先前進家門,春香春紅都回到院子裏,雖然緊張忐忑,但沒忘讓廚房準備飯菜。


    周景雲和莊籬回到院子裏,簡單的飯菜也送了過來。


    “你們下去吧。”周景雲說。


    春月等人施禮退了出去。


    “是雪柳。”莊籬繼續先前的話題,“她先前收我屋裏的東西,見過這個絹花。”


    周景雲吃了口菜,問:“絹花怎麽了?”


    莊籬握著筷子看他一眼:“皇後娘娘的賞賜太貴重了,我怕弄壞了,所以自己仿著做了一個,但沒做好,壞了。”


    周景雲立刻明白了:“她看到了拿走了?”


    莊籬點點頭:“我原本丟進湖水裏,讓它和花瓣一起飄走,應該還是被她看到了撈了起來。”


    怪不得讓她走的時候一點都不鬧,原來是已經狠下心要報複,周景雲將碗筷放下,麵色微沉,又有些悵然。


    他對這個婢女其實沒太大印象,當年陸三娘子剛進門就要送他一個陪房丫頭,他隻能拿春梅來做幌子,剛娶了妻子,又有侍妾,不需要再多一個,免得被人說慢待妻子,荒誕不堪。


    再然後陸三娘子死了,因為沒有子嗣,身邊的人都送回定安伯府,唯有這個婢女非要留下來,說答應了替小姐照看世子,既然她不想走,那就留下吧,反正他要離開了京城了。


    這些年東陽侯夫人提過幾次將雪柳收房,他都拒絕了,以為這婢女死了心。


    想到這裏又自嘲一笑。


    死心?


    人的心哪有那麽容易死。


    就算看起來死了,一旦有微星火就會死灰複燃,做出一些自己發瘋發狂的事,他又何嚐不是這樣呢?
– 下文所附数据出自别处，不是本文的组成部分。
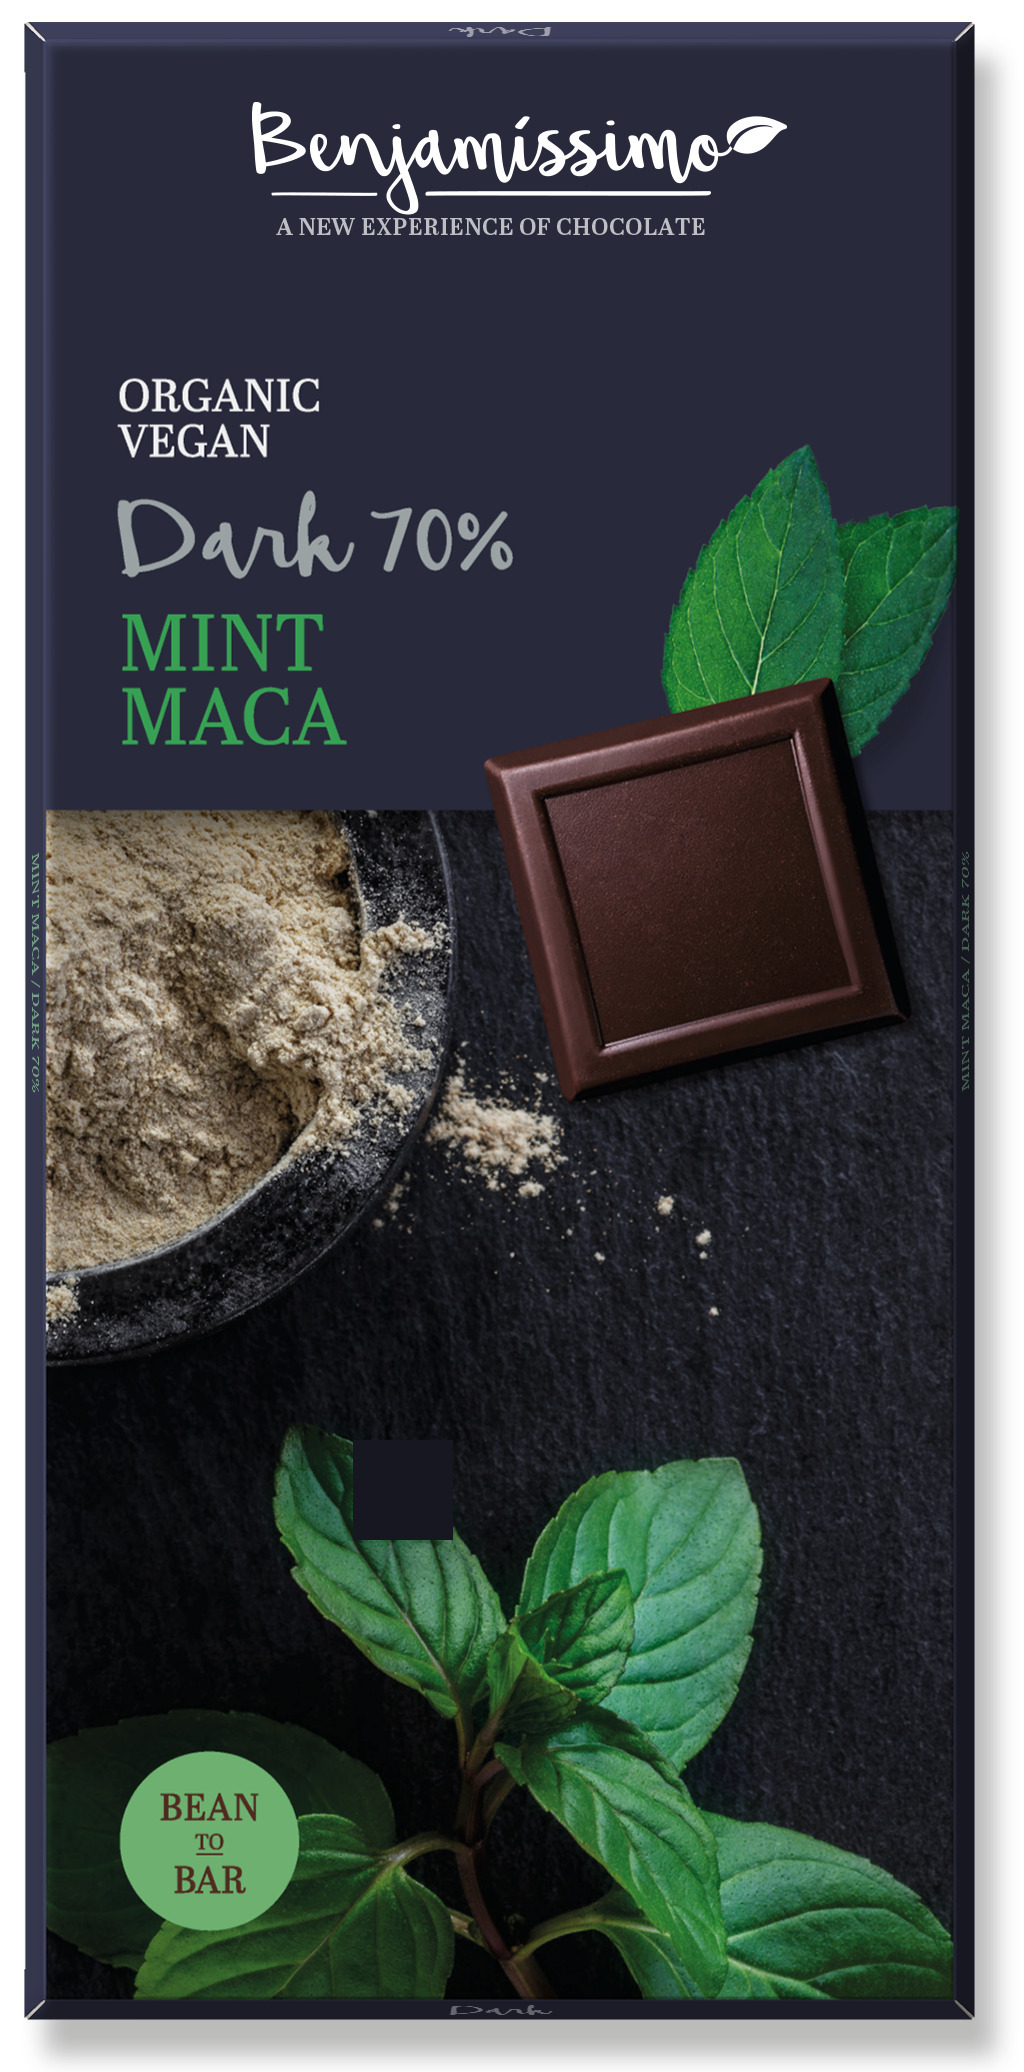 <h2><span style="font-size: 18.72px;">Ciocolata cu menta si maca bio, 70g, Benjamissimo</span></h2><p>Ciocolata din ingrediente provenite din agricultura ecologica, fara gluten. Traieste o noua experienta a gustului cu gama de ciocolata Benjamissimo.</p><p><strong>Ingrediente:</strong> masa de cacao*, zahar din trestie*, unt de cacao*, maca* 2%, lecitina de floarea soarelui*, ulei de menta* 0.03%.</p><p>*din agricultura ecologica</p><p><strong>Continut de cacao</strong>: minim 70%.</p><p><strong>Valori nutritionale/100g:</strong><br />Energie: 2442kj/587kcal<br />Grasimi: 40g din care saturate 26g<br />Carbohidrati: 38g din care zaharuri: 30g<br />Proteine: 7.4g<br />Sare: 0.08g</p><p>&nbsp;</p><p>Poate contine urme de nuci.</p><p>A se feri de lumina directa a soarelui.</p><p>Produs certificat ecologic</p><p>70g</p>

    “再吃點吧。”莊籬的聲音傳來,“吃飽了才有精神。”


    周景雲回神,看到莊籬已經吃完了一碗飯,她倒是真精神……


    周景雲頓了頓,問:“你早想到她會這麽做?”


    還有一句,你故意讓她這麽做,沒有問出來。


    莊籬抬起頭看他:“如果想到了,我可不會這麽樣,那可是涉及禦賜之物。”說著苦笑一下,“我這身份哪裏敢惹這個麻煩。”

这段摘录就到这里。